Architekt Donath rekonstruierte auch die Fenster anhand von alten Schwarz-Weiß-Fotos. Bei der Fassade entschloss man sich für Altrosa. "Da haben wir uns einen gestalterischen Spielraum eingeräumt", sagt Donath. Alle Verzierungen, Erker und Giebel wurden fachgerecht erhalten. Christa Kranz-Hau war bei der farblichen Gestaltung auch zunächst skeptisch, aber beim zweiten Hinsehen habe es ihr auch sehr gut gefallen. Auch die Resonanz von Passanten und Kunden der Kanzlei sei gut. Das Haus animiere viele Menschen, Geschichten von früher, noch zu Zeiten des Arztes Überholz, zu erzählen. Weitestgehend versteckt eingebaut wurden eine moderne Lüftungsanlage und alle notwendigen Kabel für eine moderne Bürokommunikation.

Investition: eine Million Euro
Vielleicht nimmt die Kanzlei mit der sanierten Villa auch am Tag des offenen Denkmals im September teil. "Wir müssen mal sehen, wie sich das mit dem Steuergeheimnis vereinbaren lässt", meint Kranz-Hau.
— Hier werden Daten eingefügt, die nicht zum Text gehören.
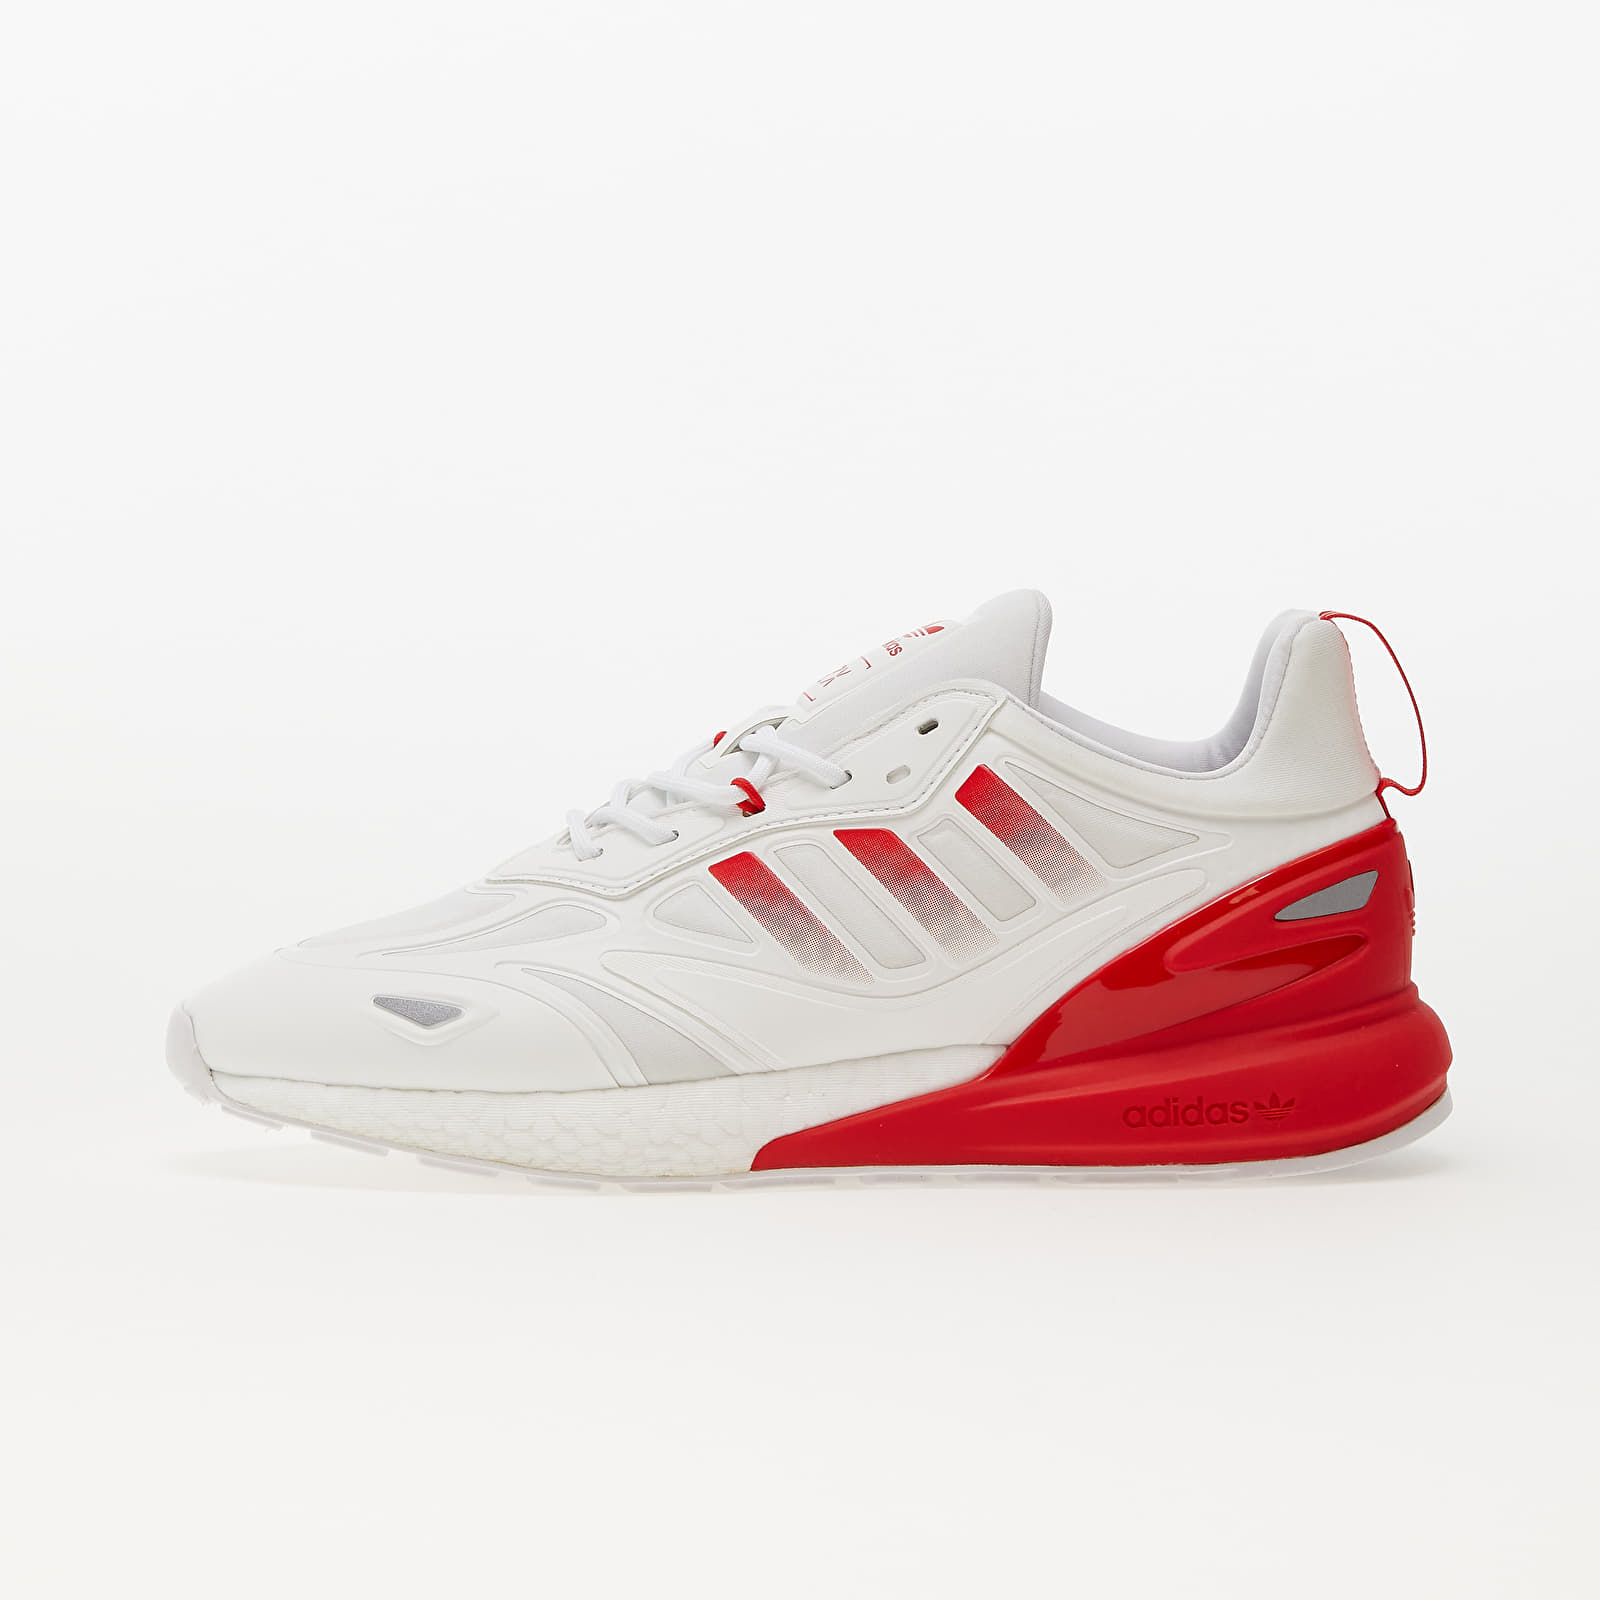 Men's sneakers and shoes adidas Originals ZX 2K BOOST 2.0 Ftw White/ Silver Metalic/ Vivid Red

Nach mehr als einem Jahr Bauzeit konnte die Kanzlei Kranz-Hau, Vellen und Dohm einziehen, der seit vergangenem Sommer auch Jan Dohm als Gesellschafter angehört. Mit 400 Quadratmetern Bürofläche und über 100 Quadratmetern Keller, die vor allem als Archiv genutzt werden, konnten alle 20 Mitarbeiter Platz finden. "So eine große Fläche finden Sie sonst nicht in Wittlich", freut sich Vellen.
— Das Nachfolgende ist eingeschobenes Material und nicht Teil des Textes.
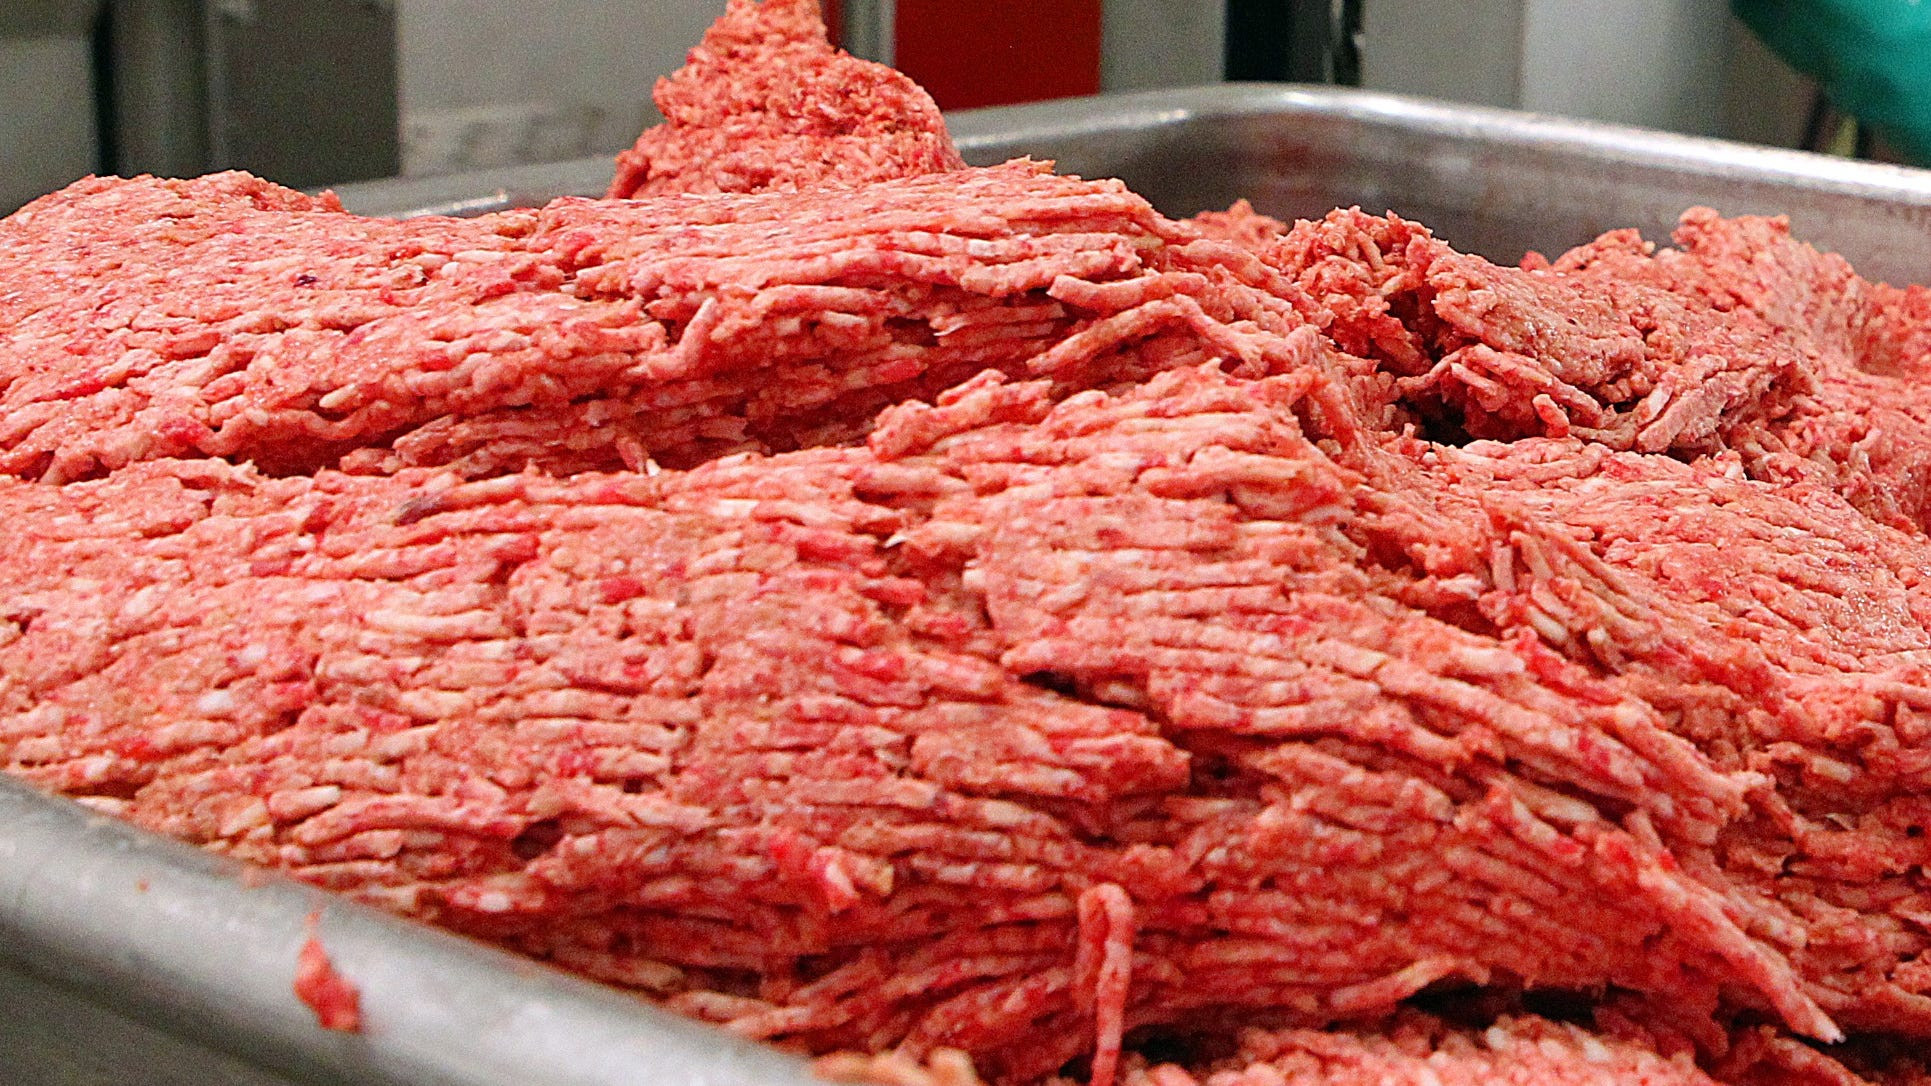 Ground Beef Salmonella Outbreak Inspirational Salmonella Outbreak Linked to Ground Beef Hits Six States

Rund eine Million Euro hat er zusammen mit Wolfgang Hau investiert. Zuschüsse habe es nicht gegeben. Das Förderprogramm Aktive Stadtzentren reiche nicht bis in die Friedrichstraße.
Wie viel Charme das Gebäude hat, zeigt sich an der Fassade zur Straße hin. Dort ist ein kleines Fenster, das direkten Blick zur Hofzufahrt hat: "Das ist unsere Überwachungsanlage", grinst Vellen. Schon früher habe es so etwas gegeben.